CIRCA 1800-05, POSSIBLY BY JACOB. D. R. MESLÉE

細節
AN EMPIRE ORMOLU-MOUNTED MAHOGANY CONSOLE/JARDINIERE
Circa 1800-05, possibly by Jacob. D. R. Meslée
The rectangular white marble top within a three-sided pierced gallery, enclosing a part lead-lined well, over a frieze set with a tablet depicting Zeus and Juno, above them flies a winged woman, to the side are a peacock and an eagle, with plain mahogany to the reverse of the frieze, the sides set with a wreath and a butterfly with laurel at the corners, the sides with pierced X-form supports centered by patera, on baluster legs with acanthus capitals joined by a stretcher, on horn casters, with a yellow chalk inscription C356, and a white tag Le XIX siecle francais Connaissance des Arts, 1808/1810 Ane Coll Fabius Frères, see p. 56, item 2., the marble inscribed C-356 and Marbre a la console
36in. (92cm.) high, 41in. (104cm.) wide, 20in. (51cm.) deep
來源
Acquired from French & Co., New York, 6, April 1964 ($1,320).

拍品專文

Designed in the 'antique' manner popularised by Messrs. Percier and Fontaine in their Recueils des Decorations Intérieures of 1802, this console/jardinière shares much stylistically with the documented oeuvre of Jacob-Desmalter. Favoured ébénistes of Napoleon, François-Honoré-Georges Jacob-Desmalter and Georges Jacob worked extensively for the Garde-Meuble Impériale, employing the stamp JACOB.D R.MESLEE between 1803-13 on sober mahogany furniture with jewel-like ormolu mounts supplied for Compiègne, Saint-Cloud and almost all the Imperial Palaces, both in France and abroad.

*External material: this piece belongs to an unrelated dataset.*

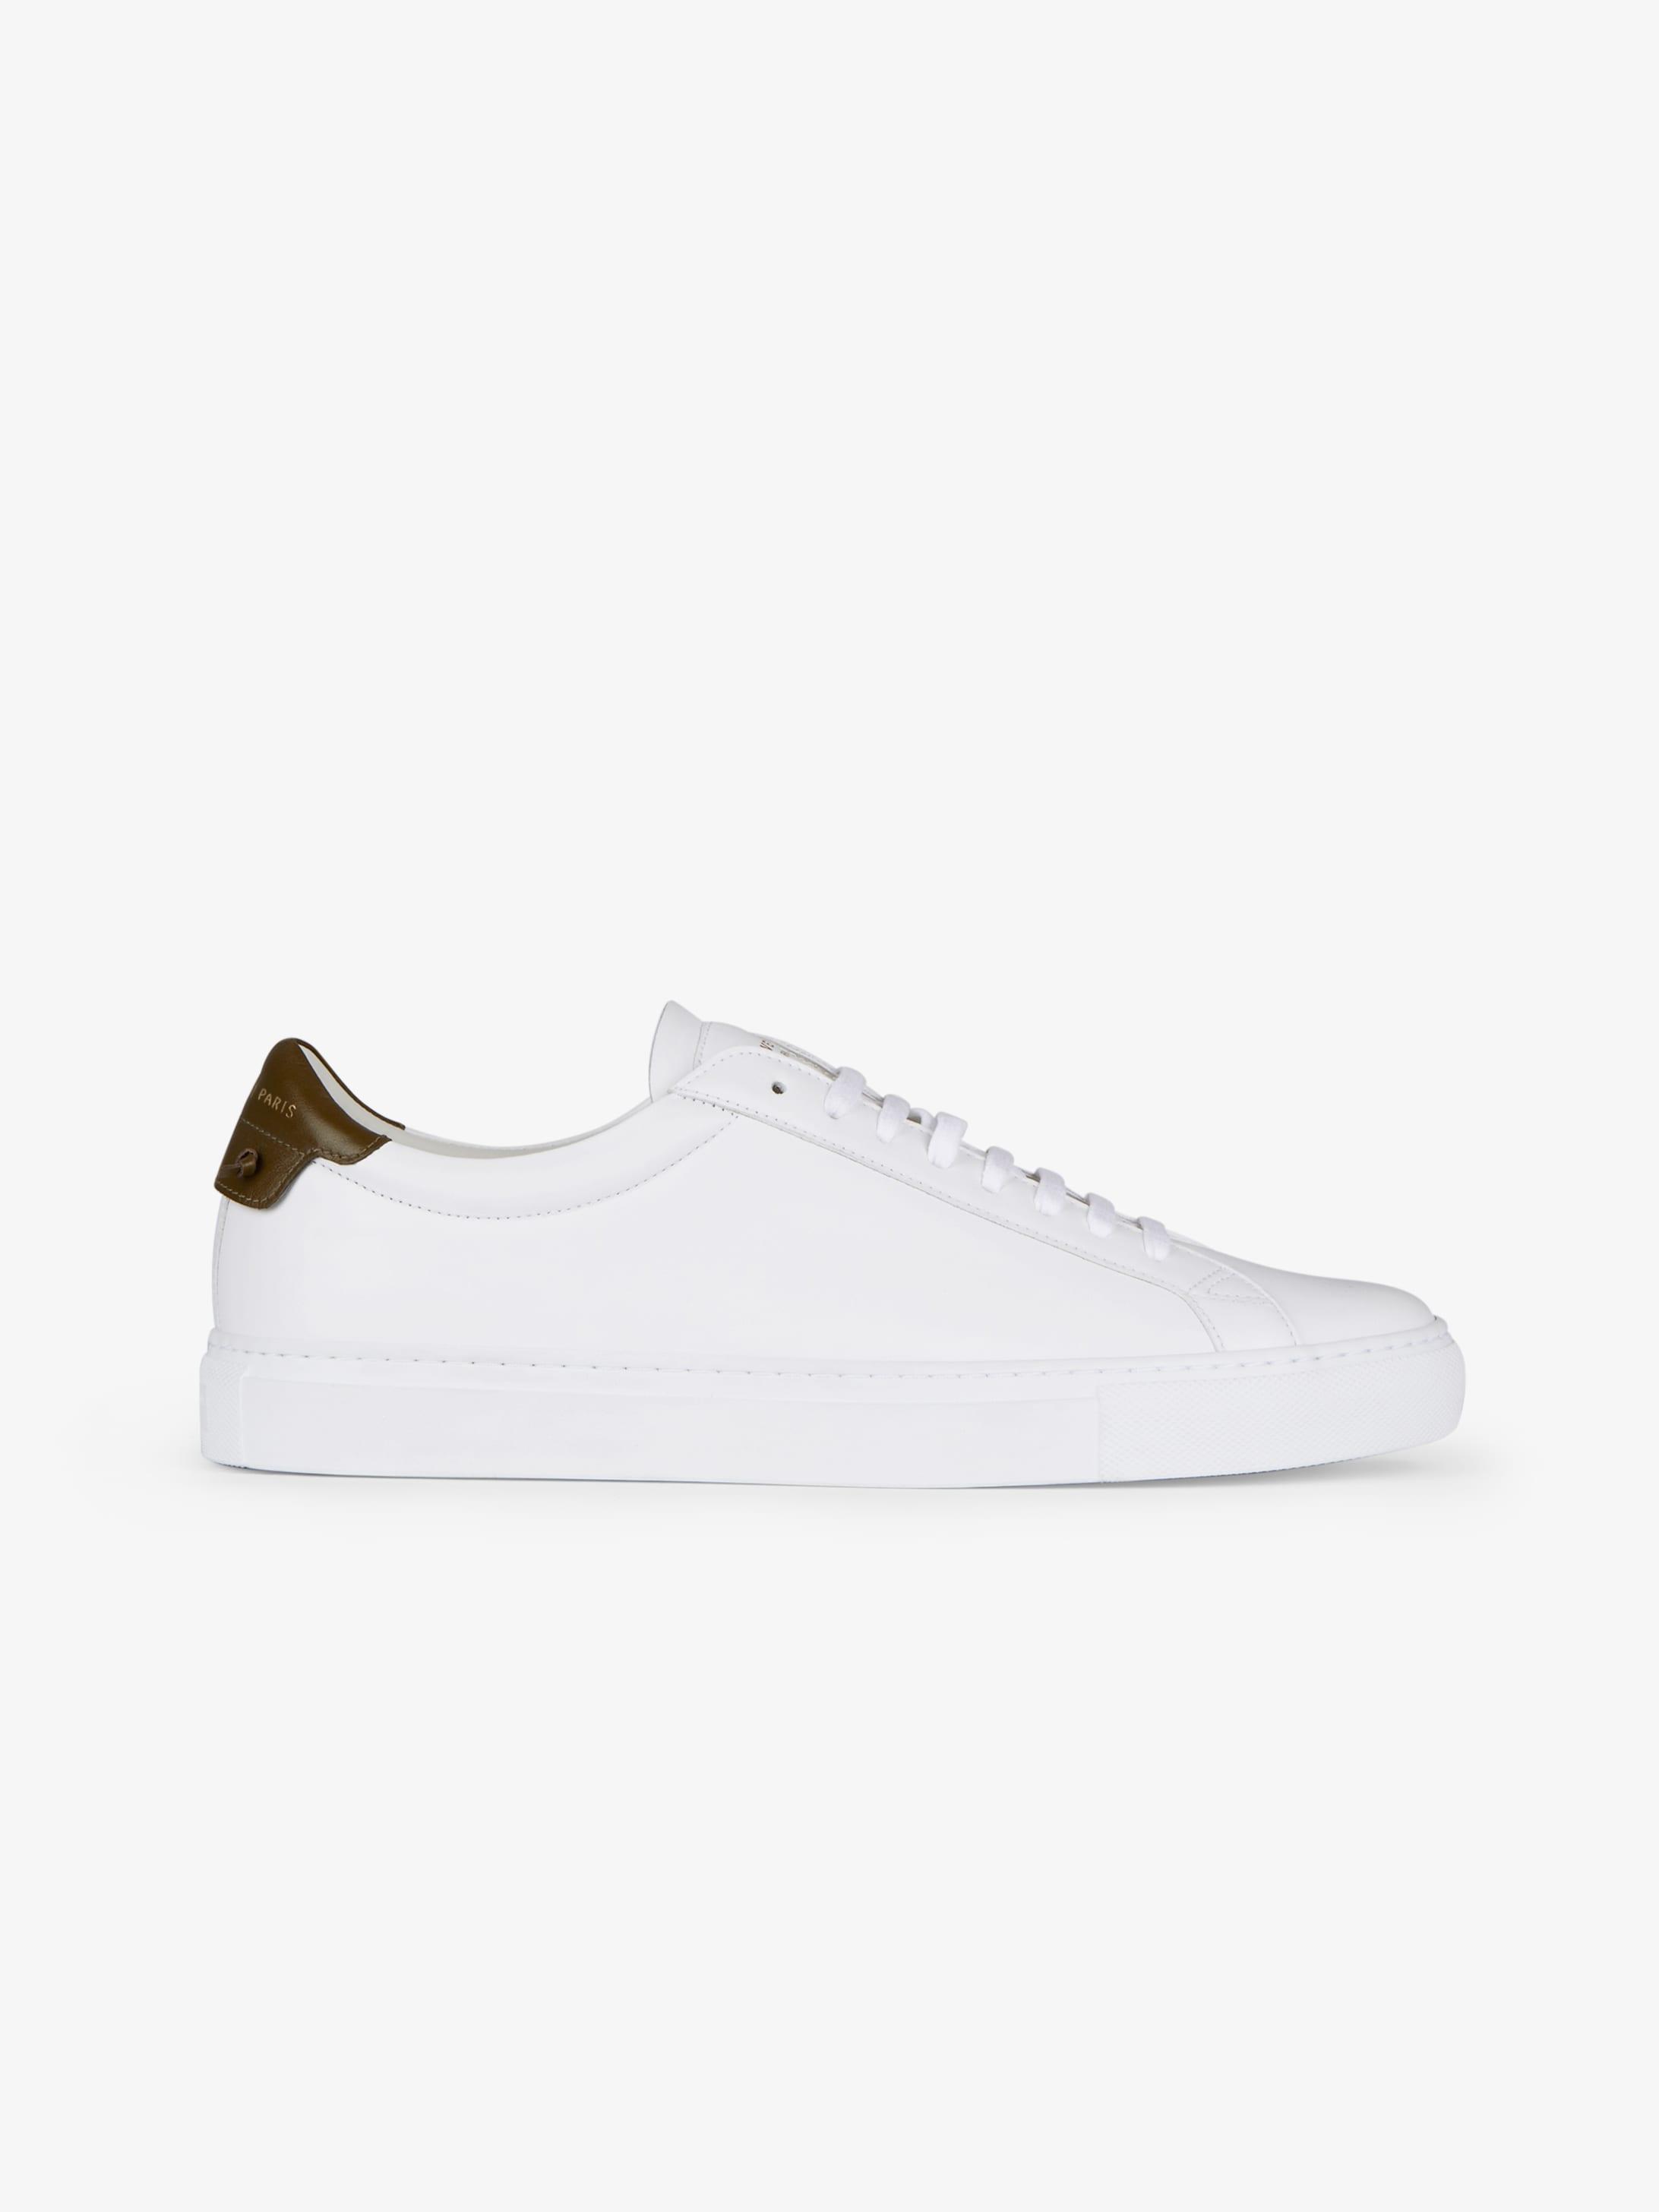 Sneakers en cuir mat bicolore

Known as a 'table à fleurs' in the 18th Century and veneered on all four sides, this console/jardinière was conceived with castors so that it could be transformed into 'une table de salon' if brought away from the wall.

The inventory taken following the death of comte Francois Martial de Choiseul Beaupré, Menin de Dauphin and Lieutenant Général des armées du Roi, in 1792, described, in the salon of his hôtel on the quai Malaquai: 'deux consoles de bois d'acajou à double fond garnie de cuivre, panneaux et perles de cuivre doré surmonté de leur tablettes de marbre garnies en dedans de caisse de plomb pour recevoir des caisses 240'. Obviously deemed to be sufficiently rare to be described at length, this type of console/jardinière is known to have been made by Adam Weisweiler, Jean-Henri Riesener and Ferdinand Bury during the Ancien regime. The ébéniste responsible for this superb example was therefore following in this same tradition.